### DESCRIPTION OF THE TASK
Beginning with the line that contains "Faceted Danburite Pendant", print each line to the end of the data exactly. Omit the pictures.

───── DATA

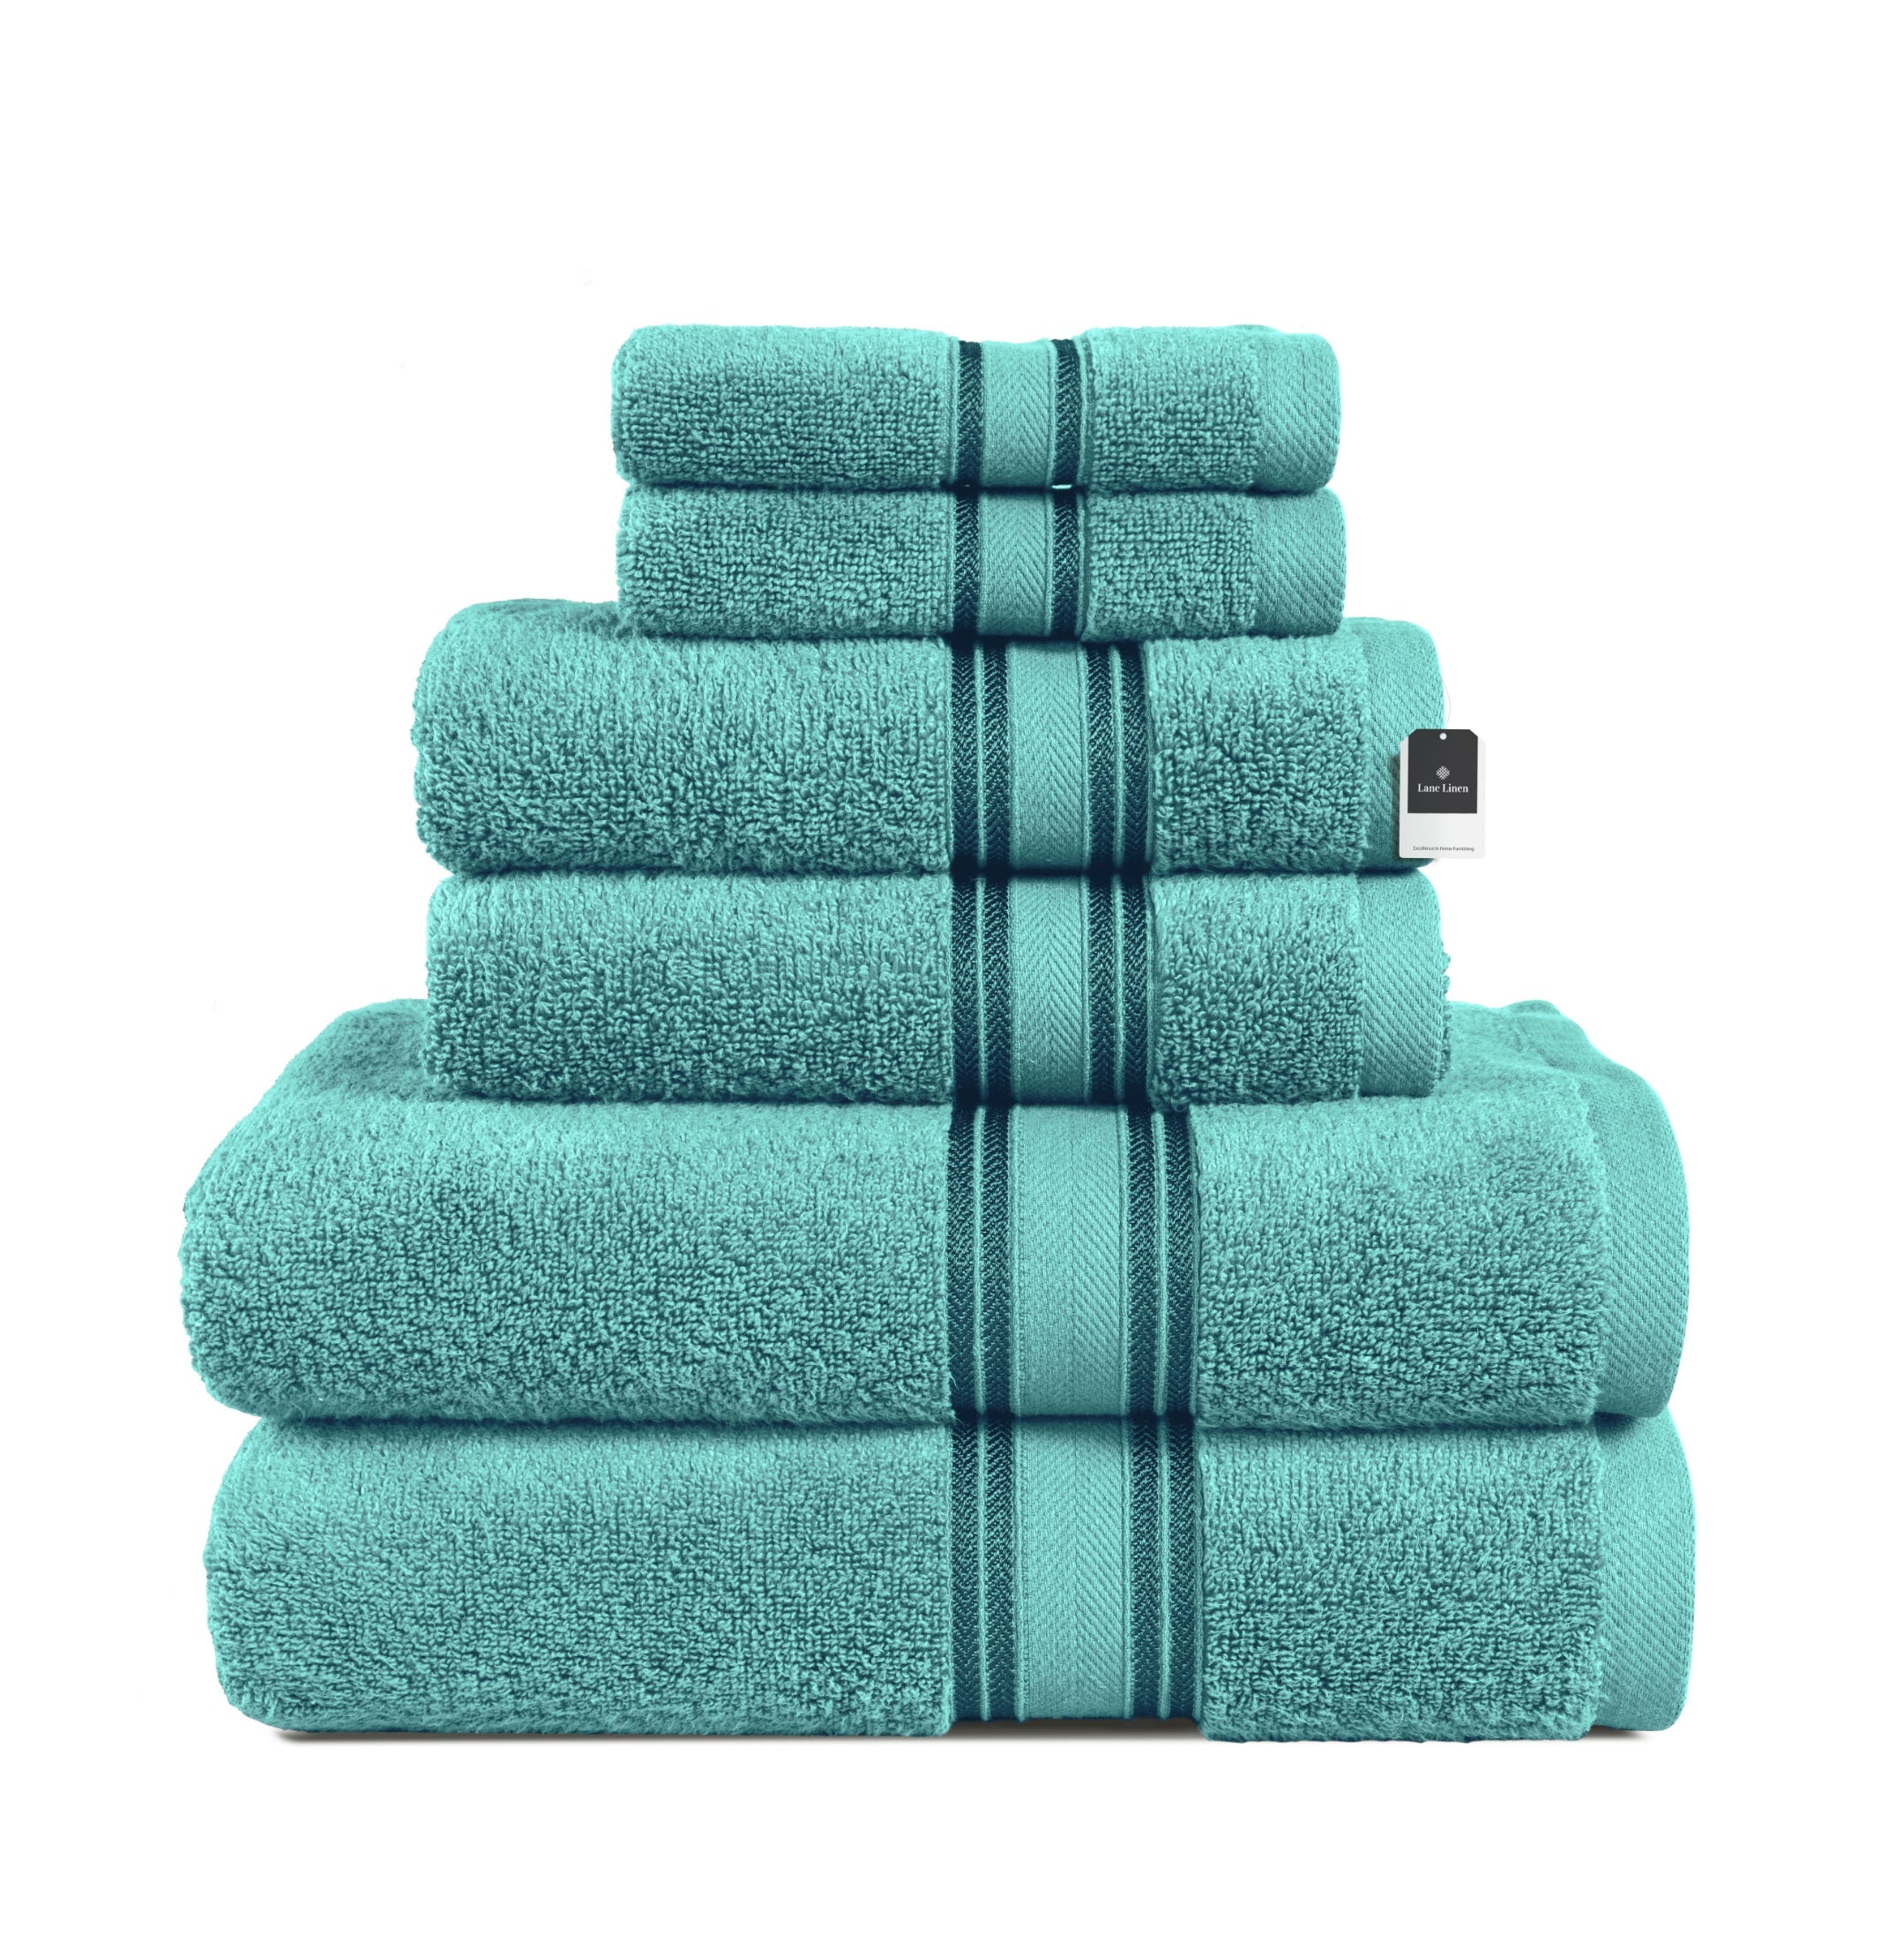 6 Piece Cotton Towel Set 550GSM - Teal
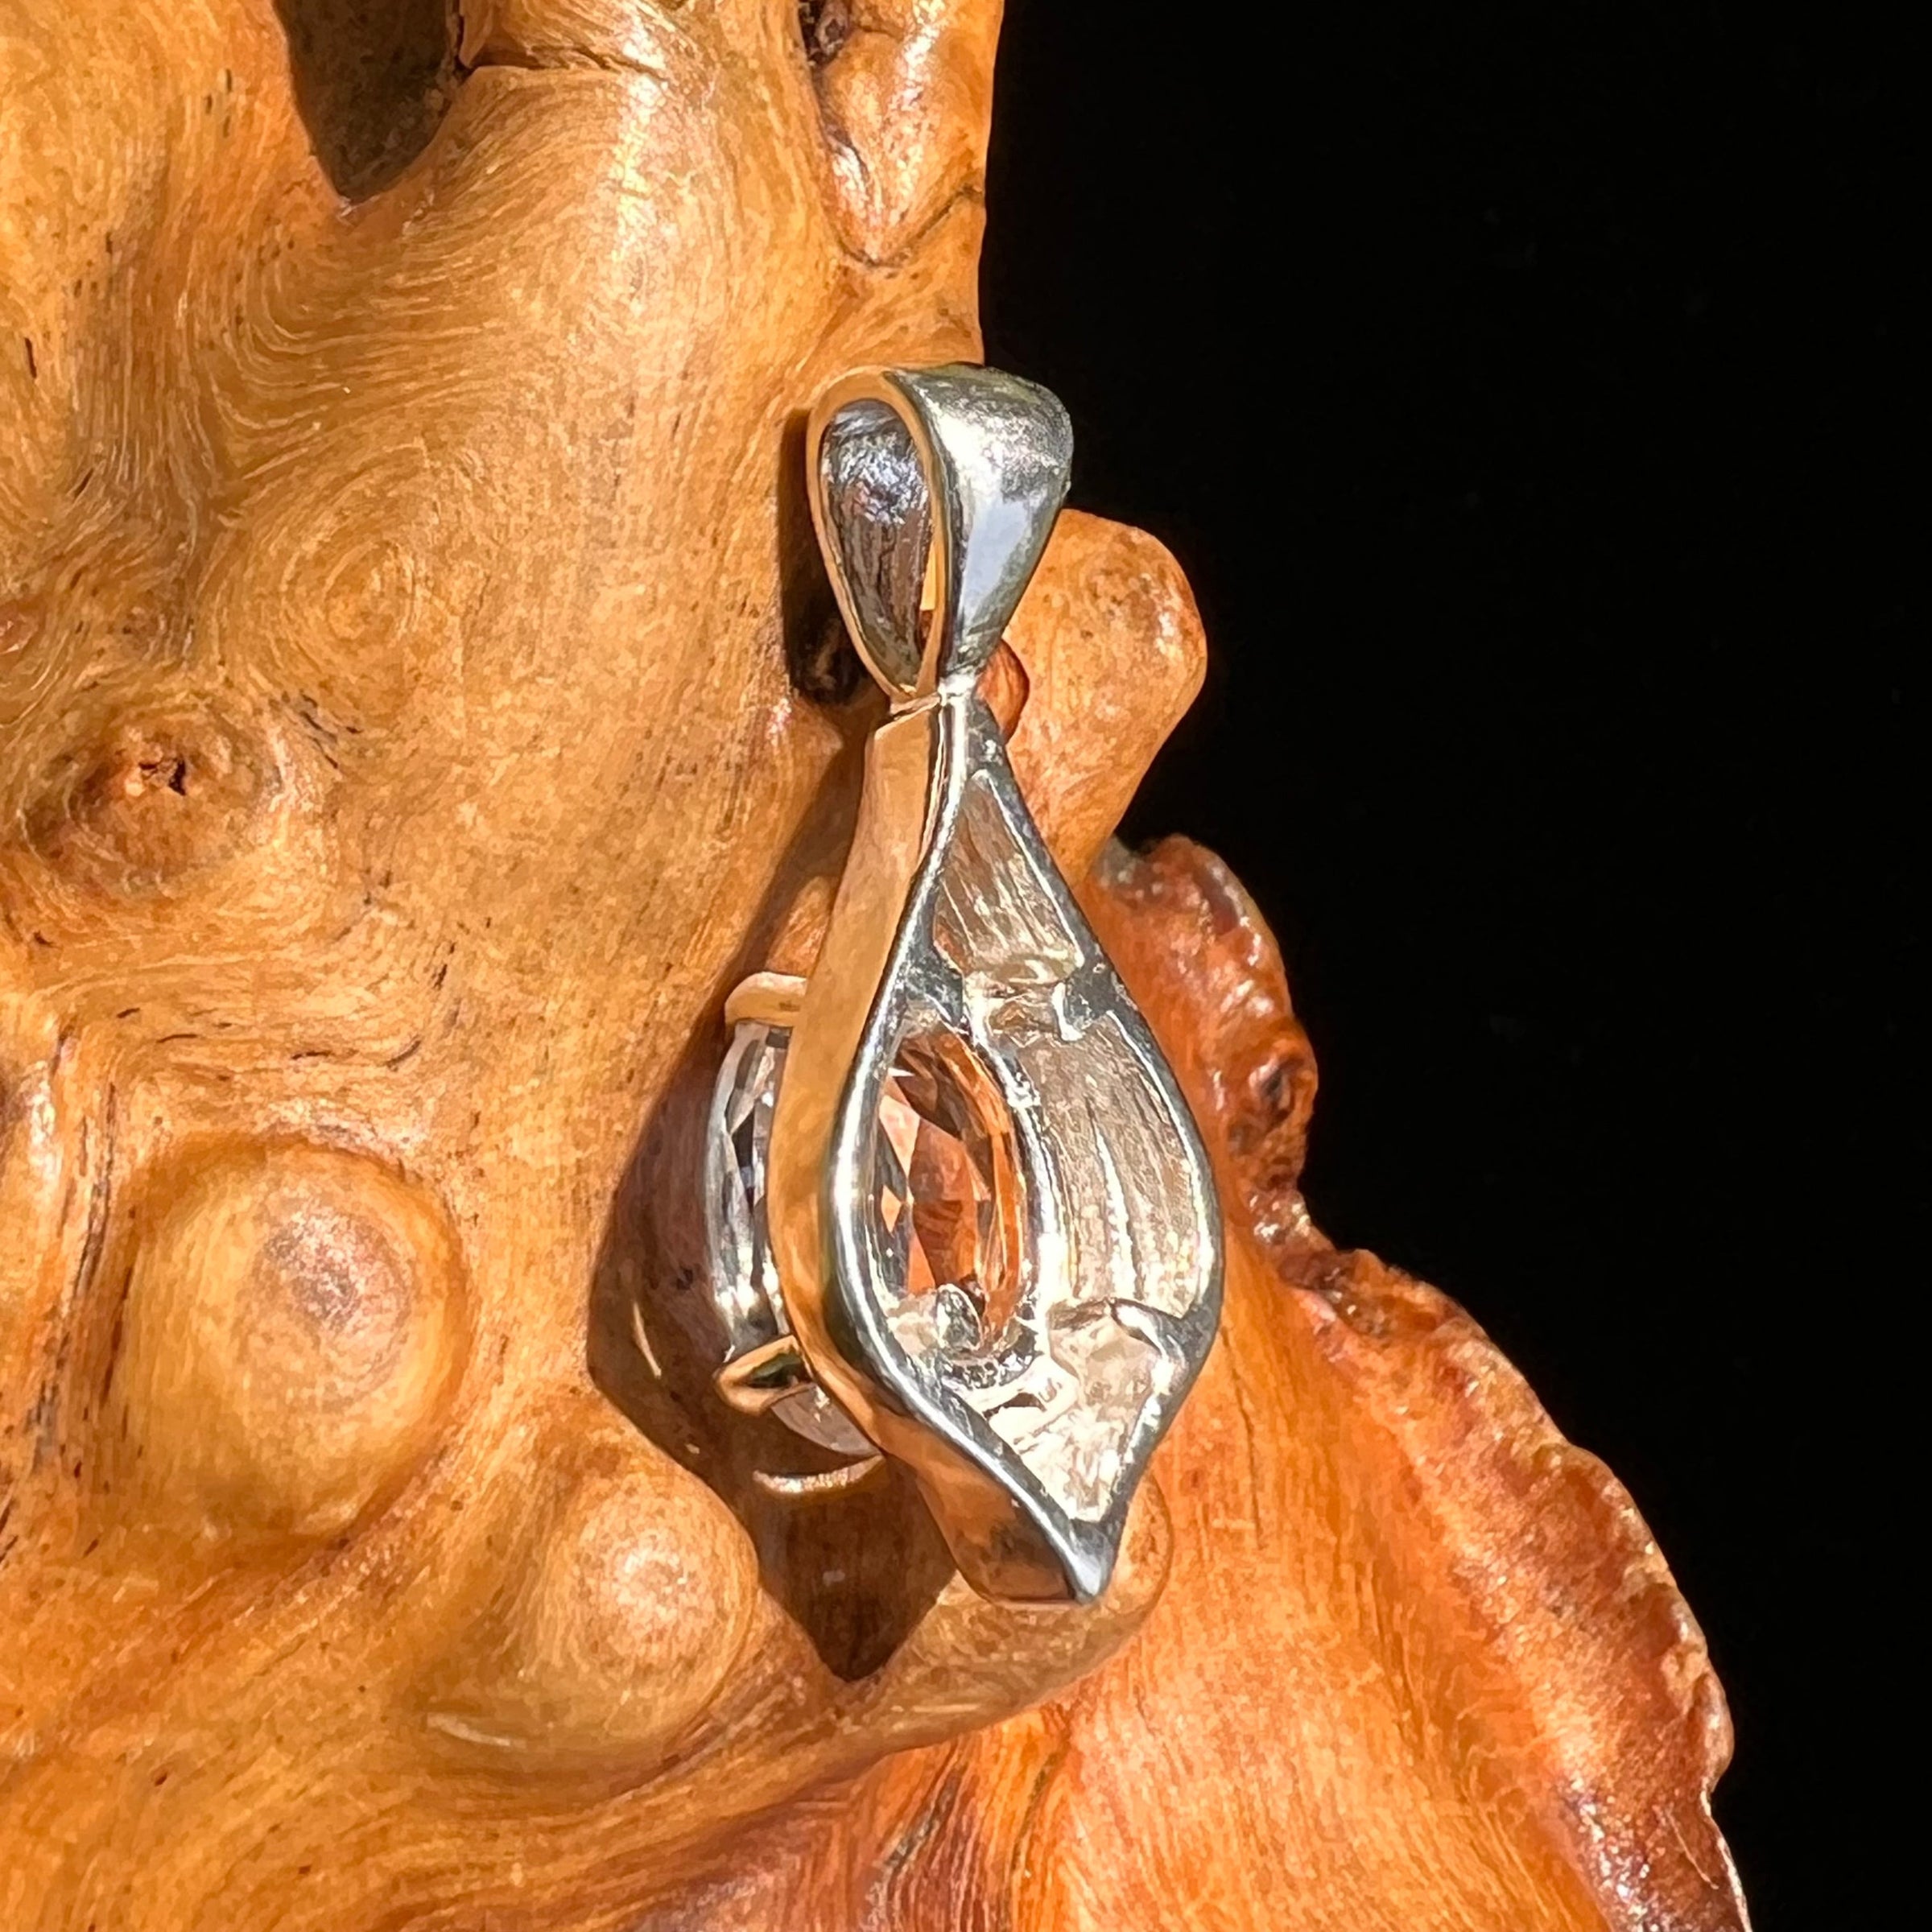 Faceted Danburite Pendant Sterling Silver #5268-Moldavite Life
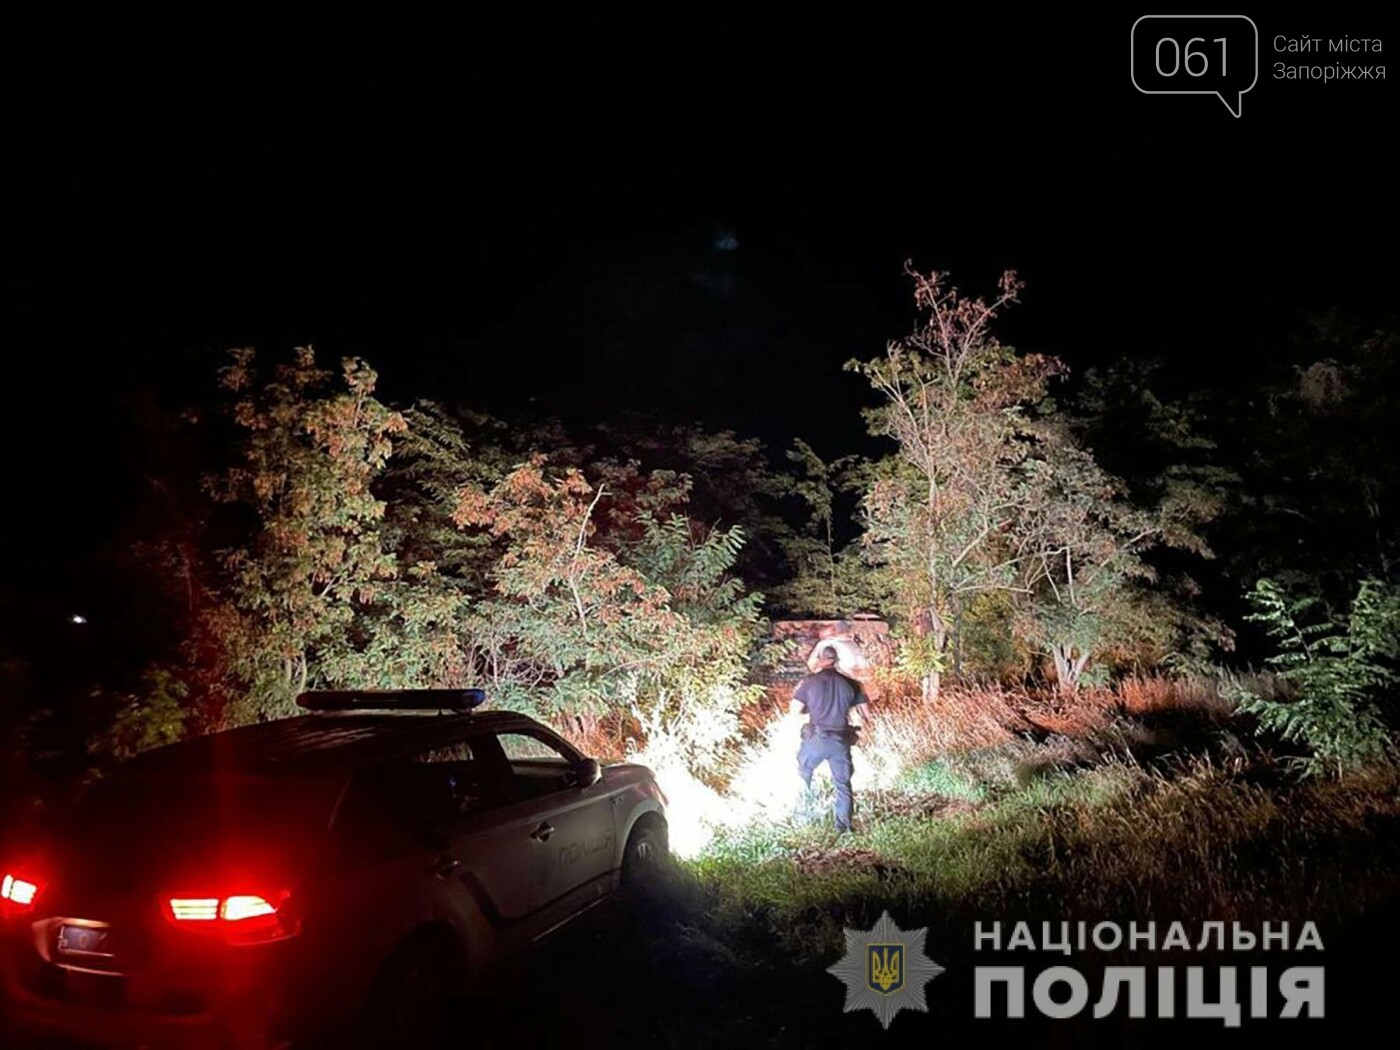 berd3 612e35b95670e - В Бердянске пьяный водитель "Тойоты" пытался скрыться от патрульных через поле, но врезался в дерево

──────────

### EXERCISE RESPONSE
 Faceted Danburite Pendant Sterling Silver #5268-Moldavite Life
 berd3 612e35b95670e - В Бердянске пьяный водитель "Тойоты" пытался скрыться от патрульных через поле, но врезался в дерево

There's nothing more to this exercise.